Palo Alto Networks Cuts EPS Outlook, Boosts Revenue Forecast on $25B CyberArk Costs
Palo Alto Networks shares dropped 6% pre-market after lowering its 2026 adjusted EPS guidance to $3.65-$3.70 due to integration costs from the $25B CyberArk acquisition. It raised 2026 revenue guidance to $11.28-$11.31B and cited recent deals including a $3.35B Chronosphere buy to strengthen its AI security platform.
1. EPS Guidance Cut Sparks Share Drop
Palo Alto Networks slashed its 2026 adjusted EPS outlook to $3.65-$3.70 from $3.80-$3.90, triggering a 6% pre-market share decline. Management attributed the revision to higher-than-expected integration expenses from recent acquisitions.
2. Integration Costs Weigh on Profitability
The firm cited sizeable integration costs tied to its $25B CyberArk acquisition and other deals, including a $2.3B outlay in fiscal Q3. These expenses have compressed near-term margins as Palo Alto builds an integrated AI-driven security platform.
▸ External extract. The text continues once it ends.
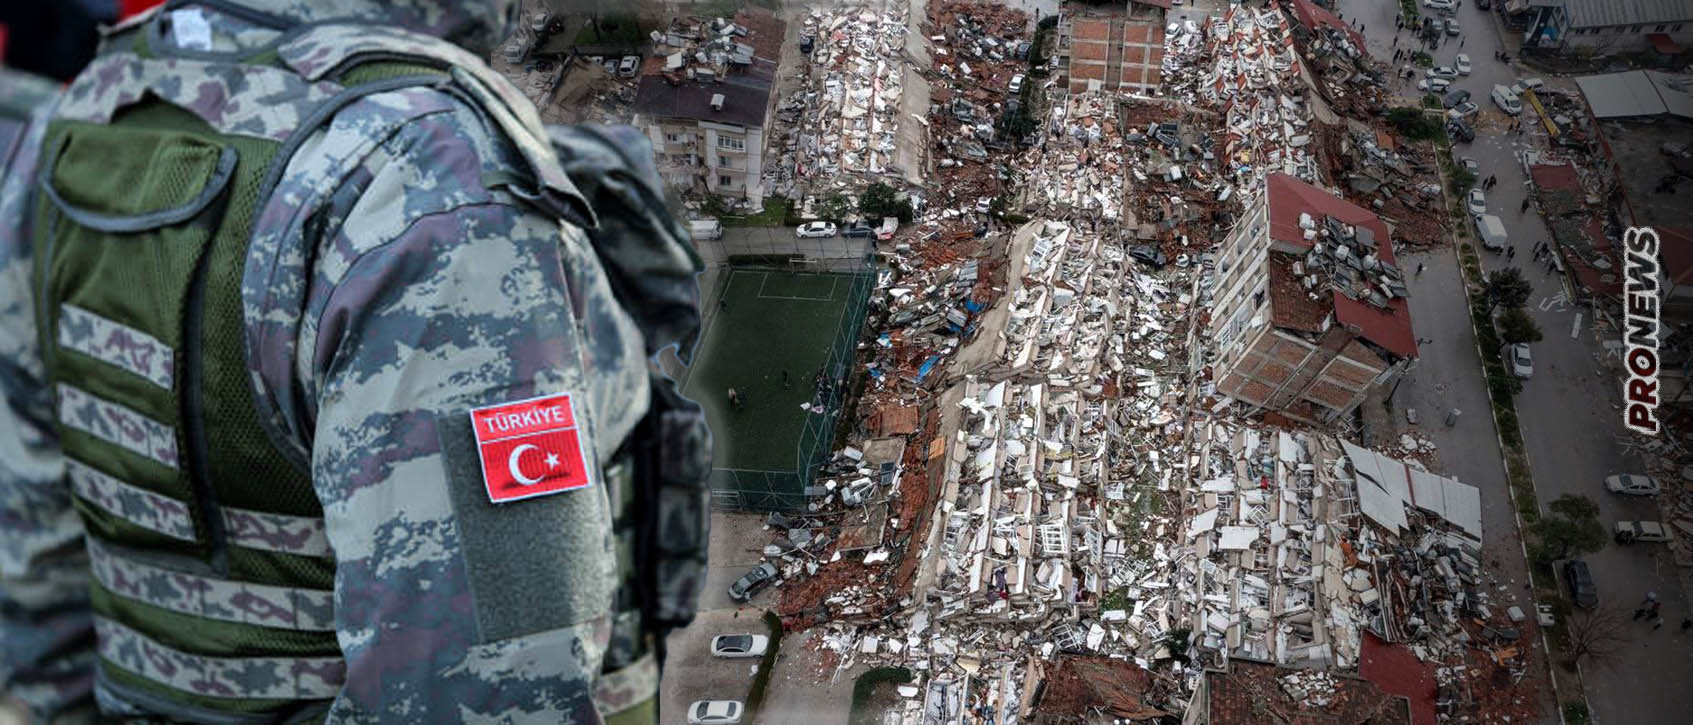 Σεισμοί Τουρκία: Εντολή για μετάβαση ολόκληρης της 2ης Στρατιάς στις σεισμόπληκτες περιοχές – Περιορισμοί στο Twitter και «συγγνώμες»
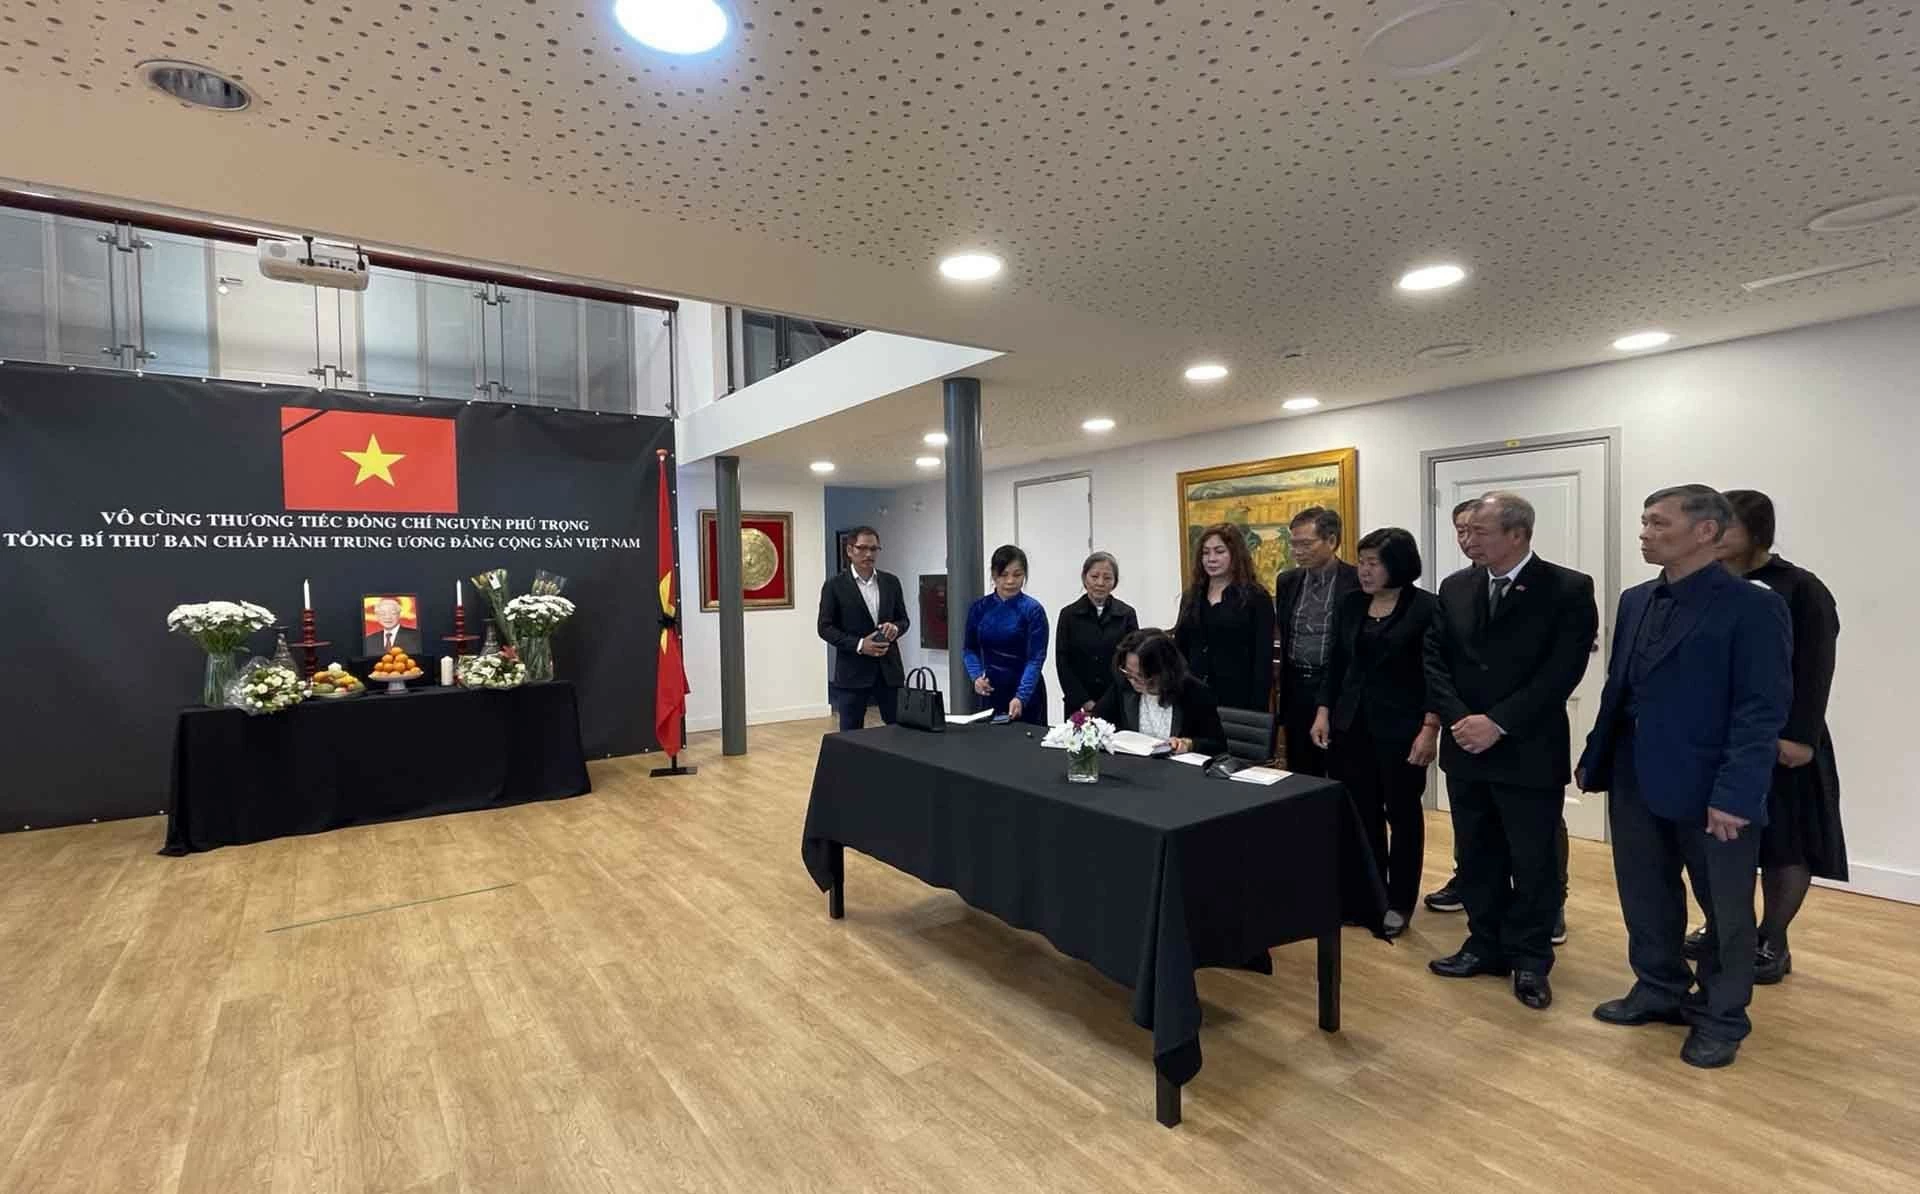 Đại sứ quán Việt Nam tại Hà Lan mở sổ tang và tổ chức lễ viếng Tổng Bí thư Nguyễn Phú Trọng

3. Revenue Forecast Raised as Strategy Advances
Despite profit pressures, Palo Alto raised its annual revenue forecast to $11.28-$11.31B from $10.50-$10.54B. Executives highlighted the $3.35B Chronosphere deal and acquisition of Israeli startup Koi as key moves to bolster identity security and observability offerings.